Нам становится не по себе, когда мы замечаем у Павла все еще, даже из самых суровых застенков пробивающийся соблазн стать на место Христа, но дикая мысль о том, чтобы Платон отодвинул Сократа на второй план и сделал центральной свою собственную персону, и вовсе не может прийти нам в голову; и все же здесь для нас открывается редкая возможность увидеть, что ученик превосходит учителя по всем человеческим дарованиям, хотя и не по божественному уделу. Однако более высокий дар — способность охватить весь мир, сопрячь человека с космосом и основать новое царство — заставляет ученика не только возвысить и героизировать образ учителя, но и изменить его так, чтобы он, ограниченный только своими силами, никогда не смог установить господство собственного гештальта во всех областях царства. В главе о Сократе мы уже обсудили, как личный демон превращается в божество человеческой общности, указывающей индивидууму его место в космосе, причем превращение это основывается на расширении только человеческого эйдоса до космической идеи и вызвано становлением нового царства, — и собираемся теперь, двигаясь в направлении от «Пира» к «Федру», мысленно проследить за тем, как Сократ из незнакомца, прогуливающегося среди цветов и холмов, превращается в певца божественного Пана. Если бы Сократ сам пропел гимн Диотимы, речь в «Федре» шла бы только о продолжении пути, а не о превращении, поскольку же исполнение гимнов признается непривычным для него и отводится устам Диотимы, то в «Федре» появляется еще один, более высокий слой. Прелюдия в пригороде, в интимном разговоре обещающая открыть более глубокие тайны, чем то допускала опьяневшая компания в «Пире», своим смысловым развертыванием, как и в большинстве диалогов Платона, намечает не только настроение, но и содержание всей беседы, заключает в виде ростка все, что будет сказано и помыслено, в несказуемом образном жесте и лишь постепенно, но всегда соблюдая пластическую завершенность, переводит смысл в ясное слово. Непривычно и примечательно уже одно то, что Сократа застают за пределами городских стен, и хотя поначалу эта странность остается без внимания, позднее на нее как раз ложится сильный акцент:
— Из нашего города ты не только не ездишь в чужие страны, но, кажется мне, не выходишь даже за городскую стену.
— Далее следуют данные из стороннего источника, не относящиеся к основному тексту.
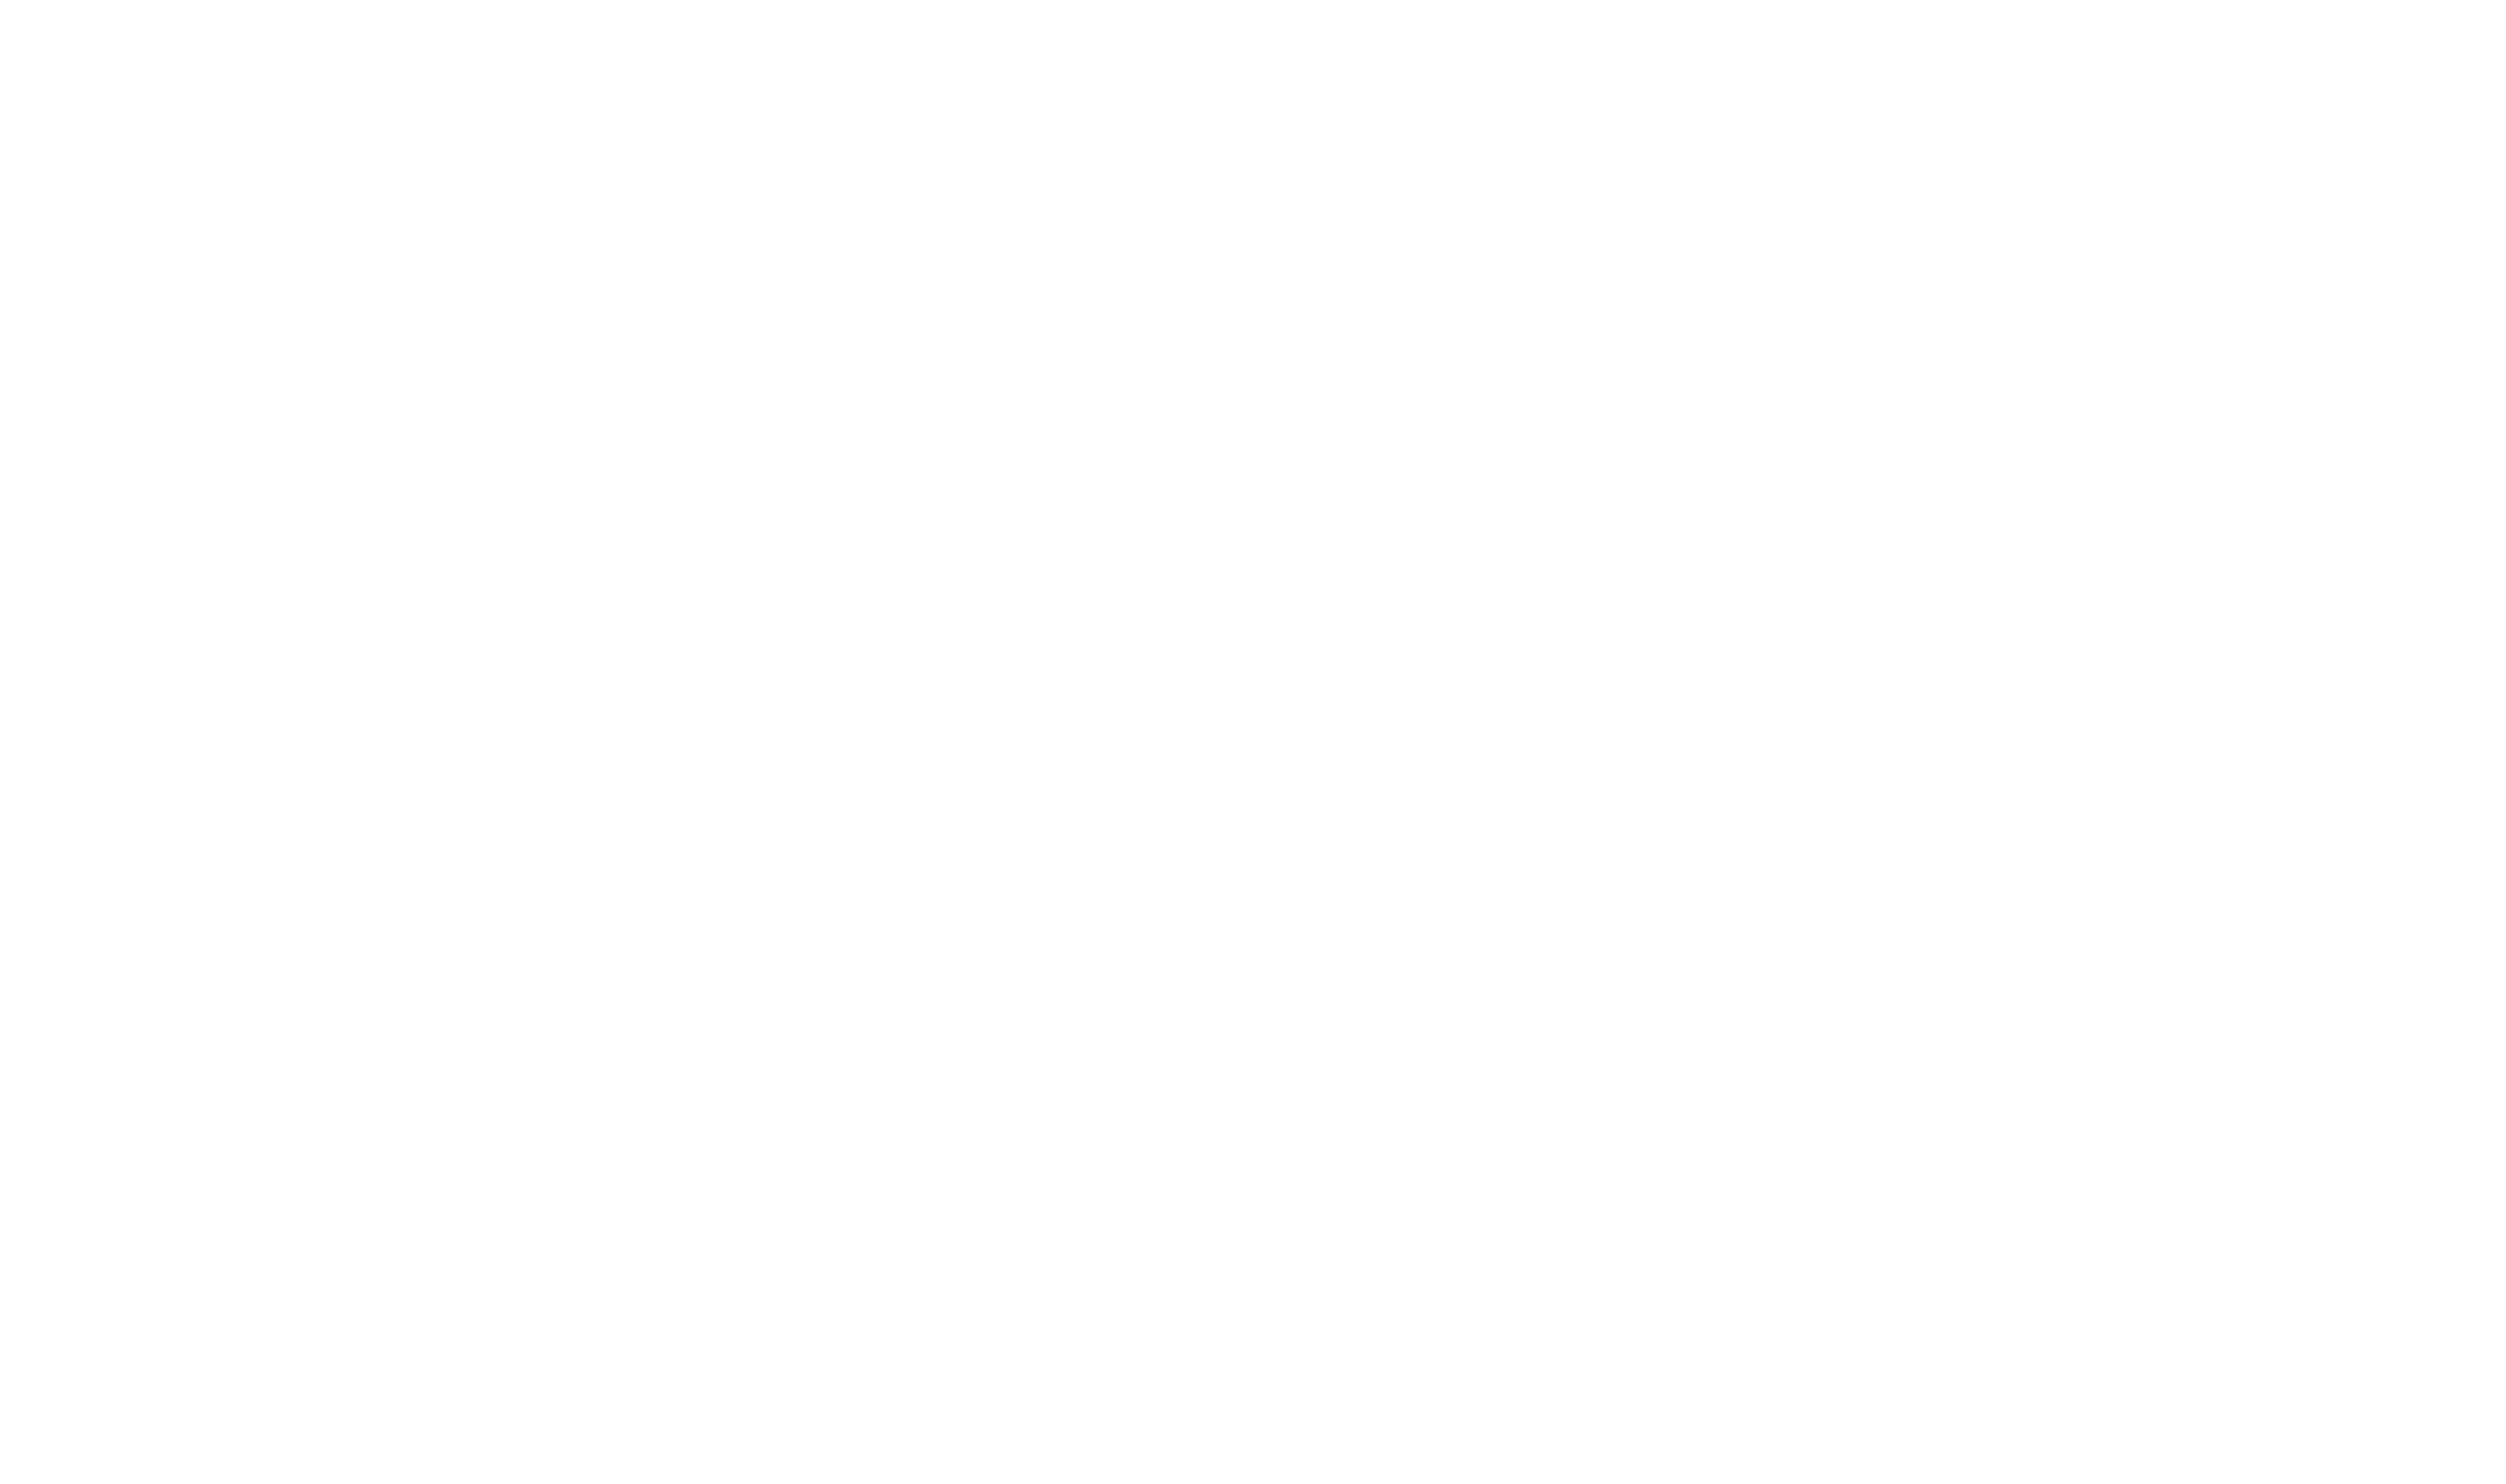 Piemans Pantry

— Пойми, добрый мой друг, я ведь любознателен, а местности и деревья ничему не хотят меня научить, не то что люди в городе.[246]
И все же Сократ позволяет Федру, самому юному и самому восторженному своему другу, уводить себя все дальше и дальше от города, босою ногой он ступает в холодную родниковую воду, чтобы расположить к себе нимф и бога ветра, услышать пение цикад и дриад, пока под благодатной сенью ветвистого платана круг проснувшейся природы не согреет вновь от всего отрешившееся в поисках человека сердце, пока из забытья не прорвутся изначальные слова красоты. Не случайно его юный спутник удивляется:
А ты, поразительный человек, до чего же ты странен! Ты говоришь, словно какой-то чужеземец, нуждающийся в проводнике, а не местный житель.[247]
Перемена места действия неприметно ведет и к перемене в душе Сократа, пока до наших ушей не доходит чудесное преображение, заключающееся в том, что тот, кто всегда говорил о ремесленниках и обо всяких низменных занятиях, сам преисполняется восторгом, сам исповедует то, что еще в «Пире» выдавал за поучения Дио-тимы, сам начинает изъясняться на языке любви. Этот религиозный пыл порождается уже не трезвым рассуждением, а чувственной манией посреди торжествующей природы и в окружении пробудившихся богов. И поскольку это решающее превращение выражается у Сократа в телесном жесте, поскольку оно укоренено в его плоти, оно в то же время свидетельствует и об изменении мифического гештальта: затем Платон и вывел своего учителя за городские врата, затем и привел его к алтарю под тенистым платаном — чтобы он увидел пробуждающегося Пана, чтобы тот возвратил его к космической основе и после речей о темном происхождении и о светлых делах эроса этот гимн, эта молитва снова дошли до Пана, господина вновь обретенной всеобъемлющей природы.